## [DATA SECTION]
--------------------
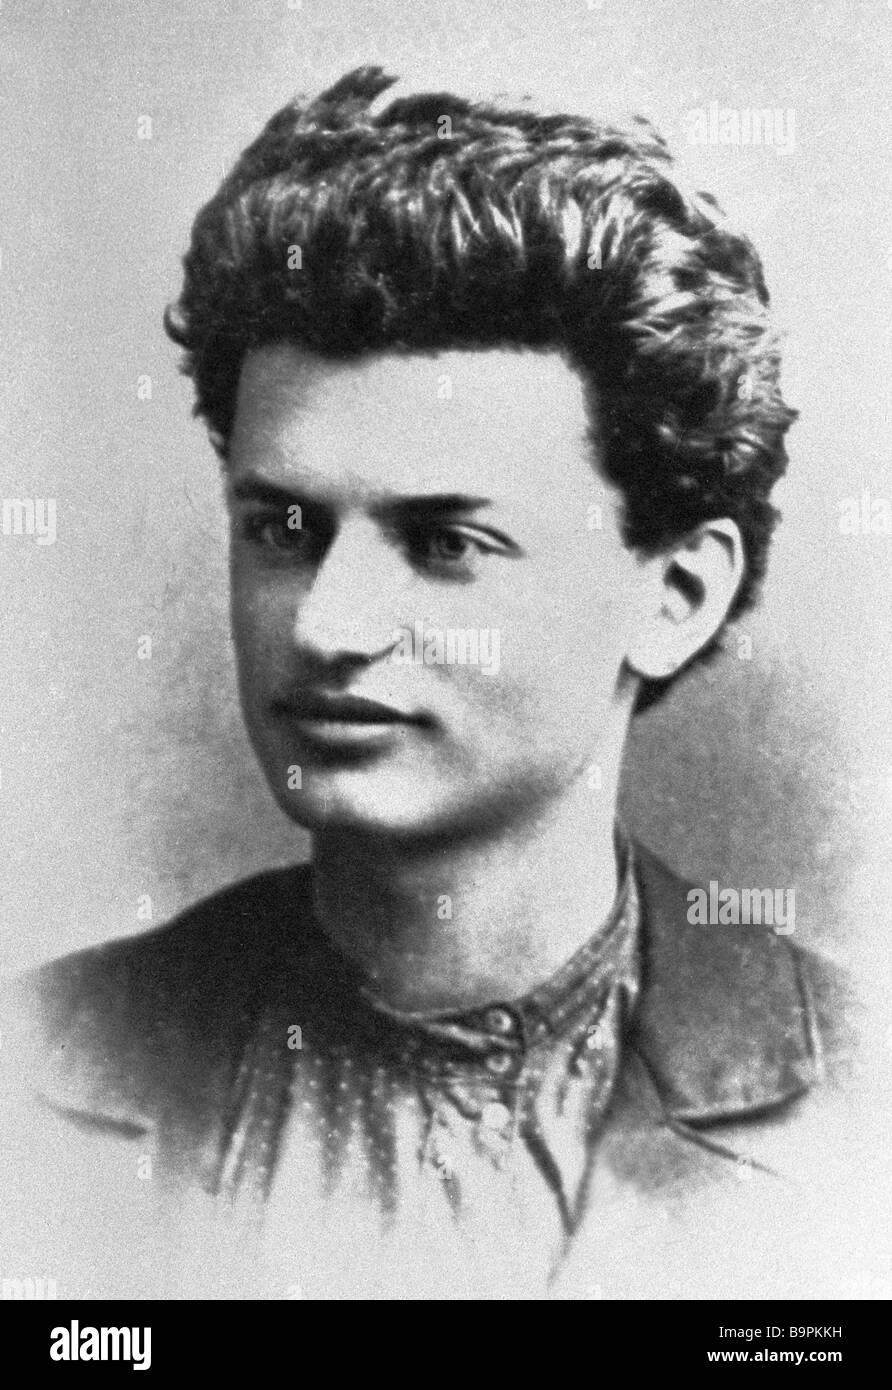 Leon Trotsky 1879 1940 - Stock Image
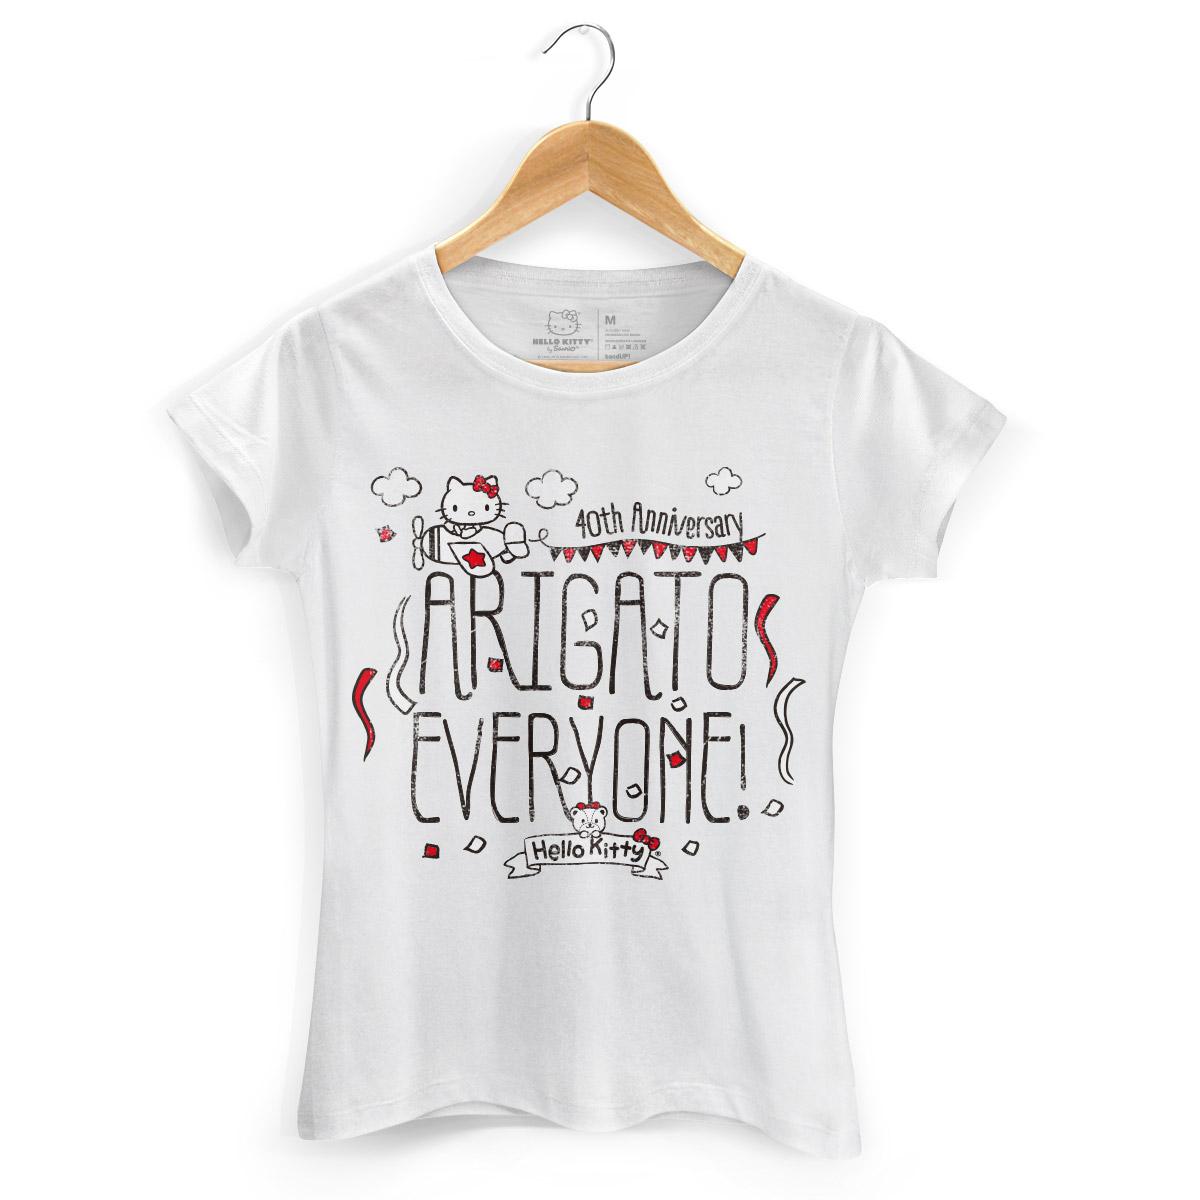 Camiseta Hello Kitty Arigato Everyone
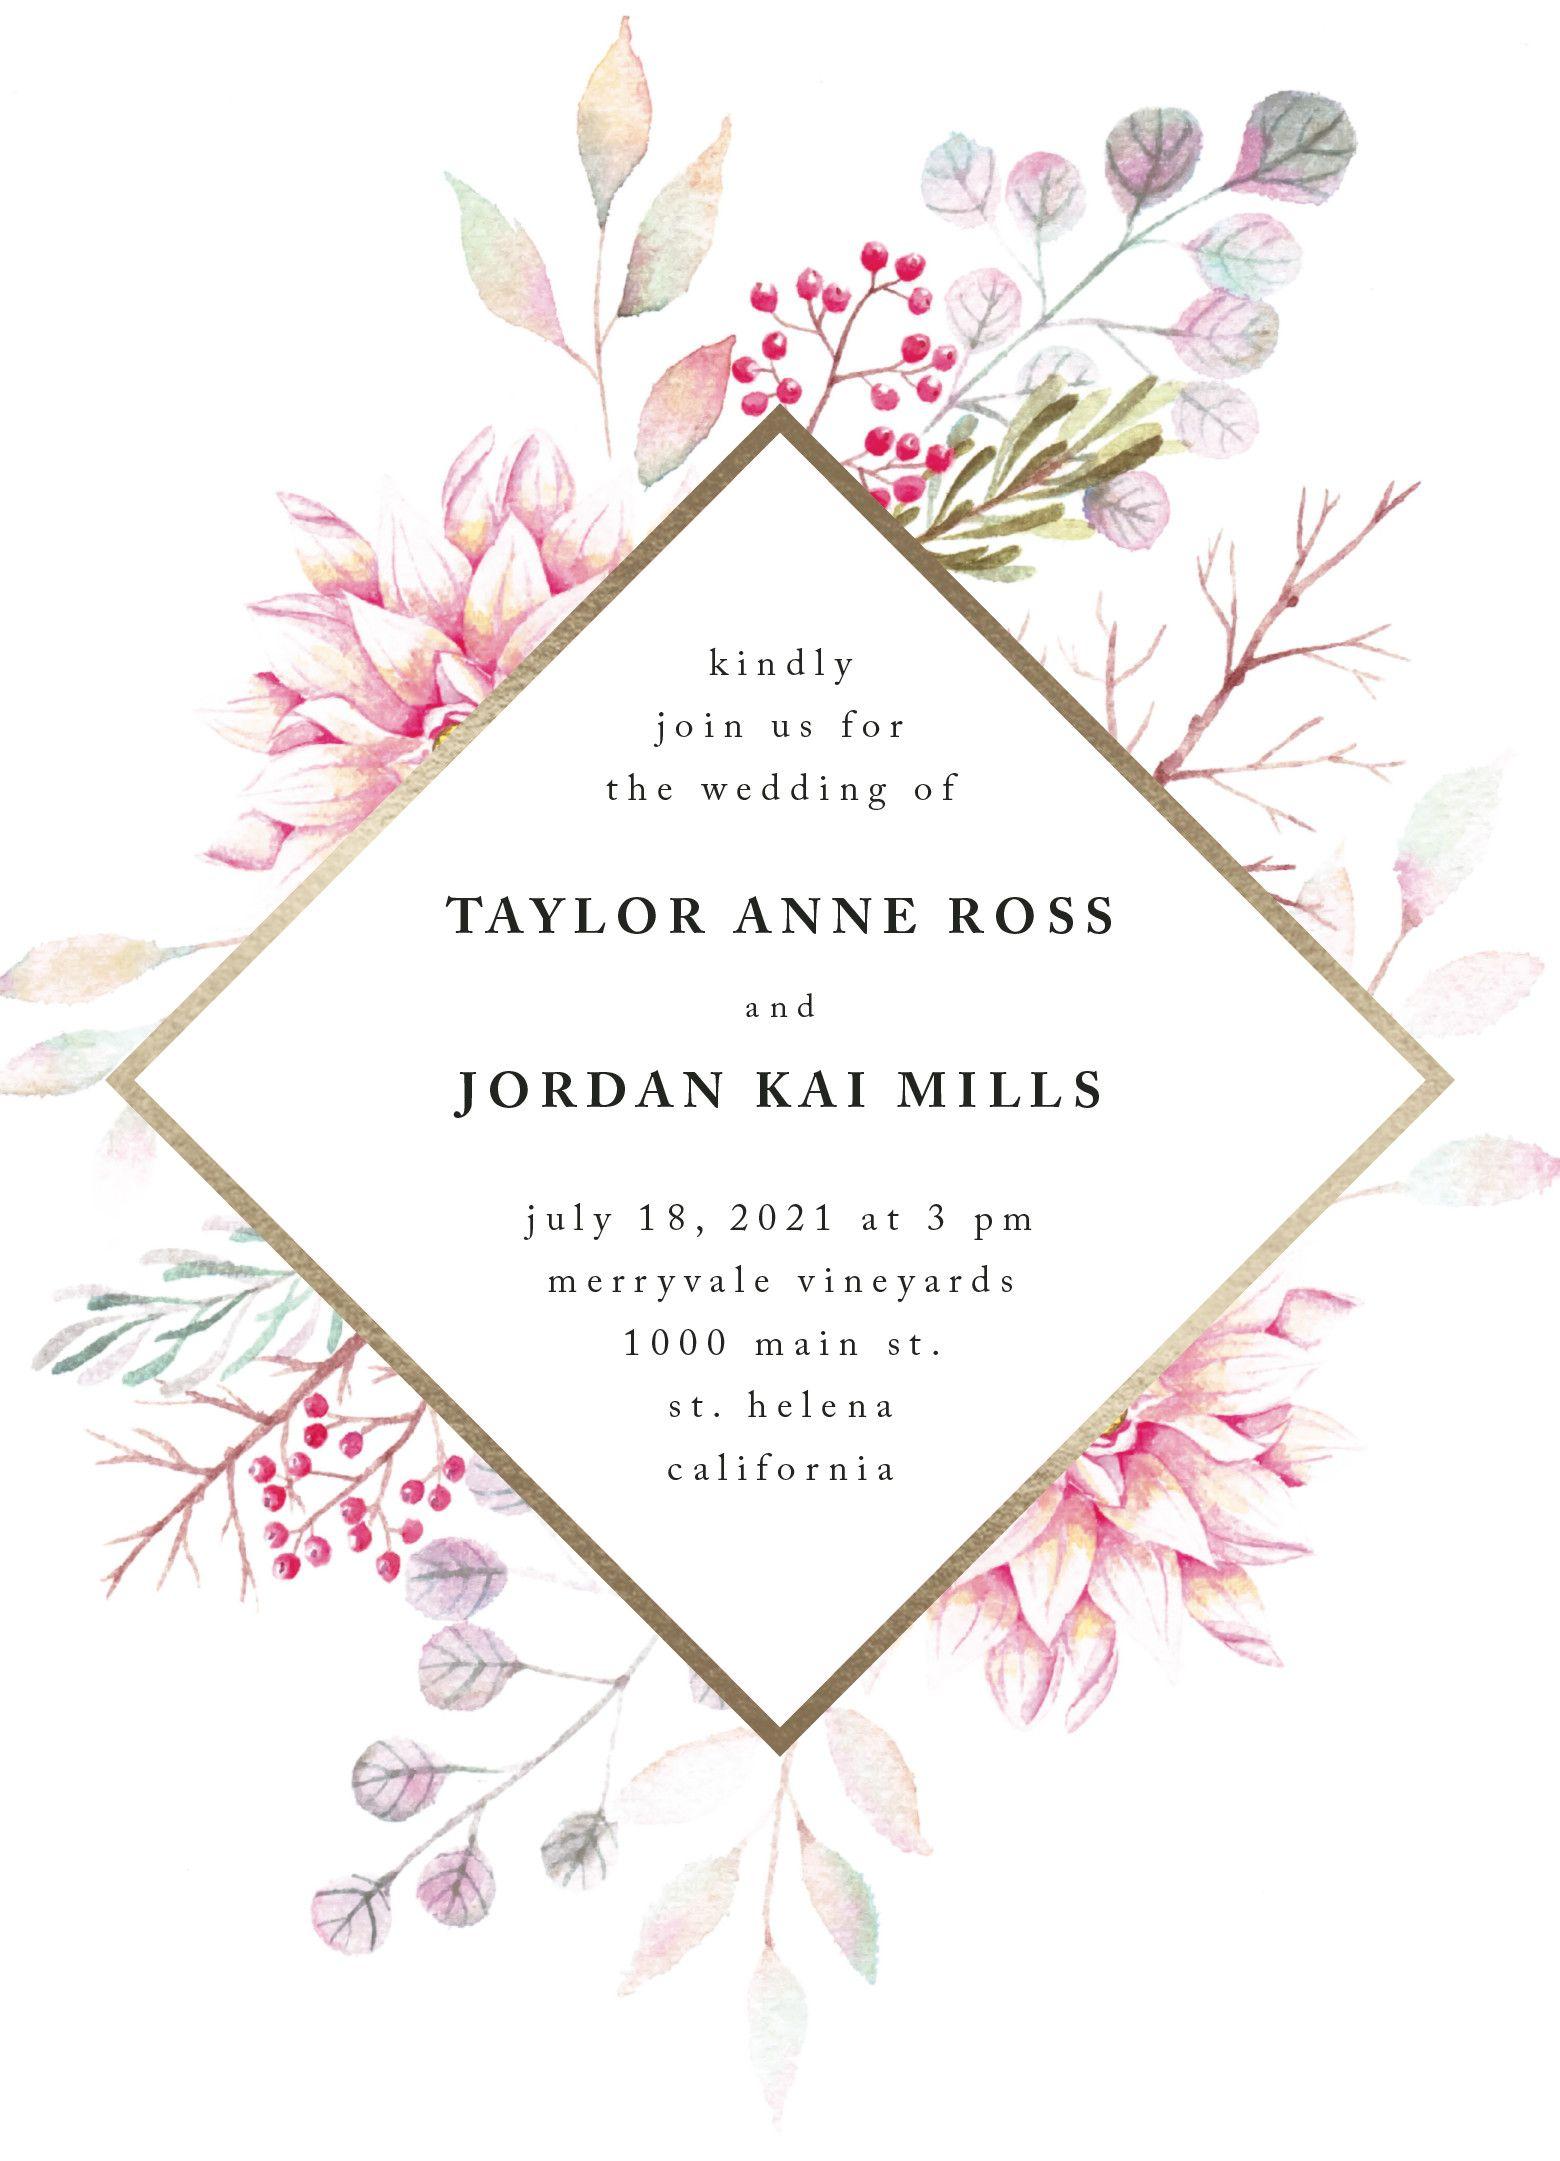 Ascent Foil Pressed Wedding Invitation Design By Minted
--------------------
If the material above contains pictures, exclude them from an otherwise exact transcription.

 Leon Trotsky 1879 1940 - Stock Image
 Camiseta Hello Kitty Arigato Everyone
 Ascent Foil Pressed Wedding Invitation Design By Minted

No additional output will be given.